Maximizing weighted sum of eigenvalues of a matrix ($\Lambda_1 U^\top \Lambda_2 U \Lambda_1$)

Solution 1:

I find a proof. Define $a_{d+1}:=0$. Then our objective function equals $$ \begin{aligned} \sum_{i=1}^d (a_i-a_{i+1})\sum_{j=1}^i \mathrm{eigval}_j (U^\top \Lambda_2 U \Lambda_1^2) &\le \sum_{i=1}^d (a_i-a_{i+1})\sum_{j=1}^i \mathrm{eigval}_j (U^\top \Lambda_2 U)\; \mathrm{eigval}_j(\Lambda_1^2) \\ &= \sum_{i=1}^d a_i \;\mathrm{eigval}_i(U^\top \Lambda_2 U)\;\mathrm{eigval}_i(\Lambda_1^2), \end{aligned} $$ where we use the property $\mathrm{eigval}_i(AB)=\mathrm{eigval}_i(BA)$ for s.p.d. $A,B$, and the inequality is from this mathoverflow answer. (As the diagonal matrices have positive and decreasing diagonal elements,) equality is attained when $U^2=I$.

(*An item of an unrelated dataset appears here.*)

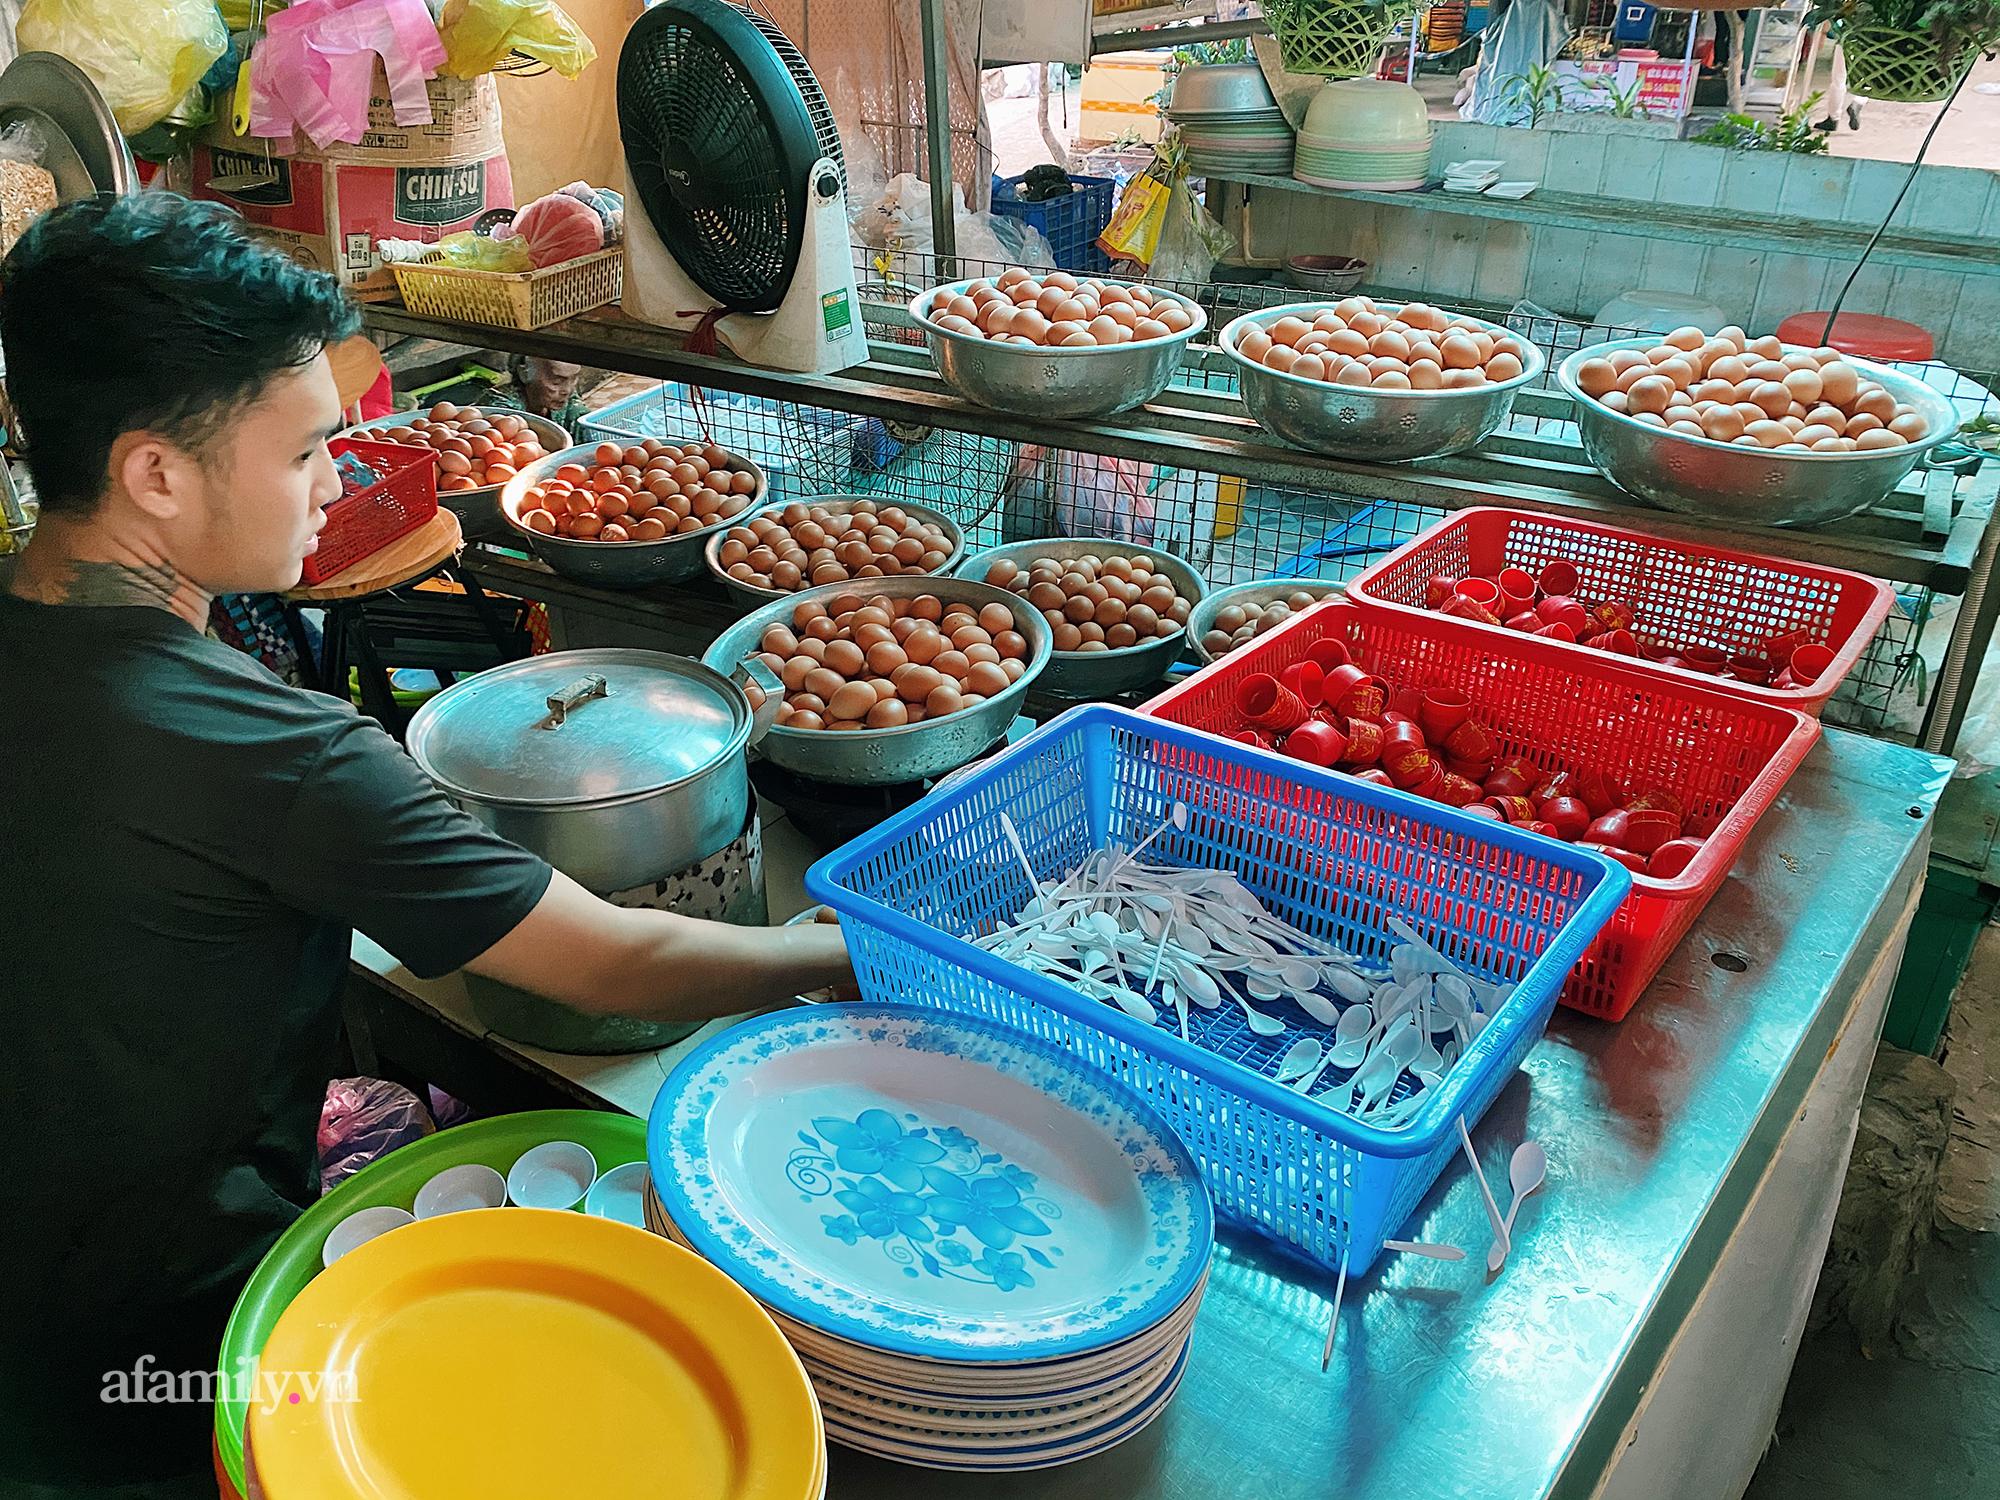 """Cô Tiên - """"giai thoại"""" chưa ai phá vỡ trong món trứng gà luộc tại Vũng Tàu, từ một quán nhỏ ven đường sau gần 10 năm đã đông đến mức phải mời khách tự phục vụ! - Ảnh 8."""

It remains to prove these are the only solutions. Another application of the aforementioned inequality yields $$ \text{Objective} \le \sum_{i=1}^{d-1} (a_i-a_d) \;\mathrm{eigval}_i(U^\top \Lambda_2 U)\;\mathrm{eigval}_i(\Lambda_1^2) + a_d \mathrm{Tr}(U^\top \Lambda_2 U \Lambda_1^2). $$ For the trace term to be maximized it must hold that $U^2=I$, and these choices of $U$ attain the equality here. Therefore, they are the only optimas.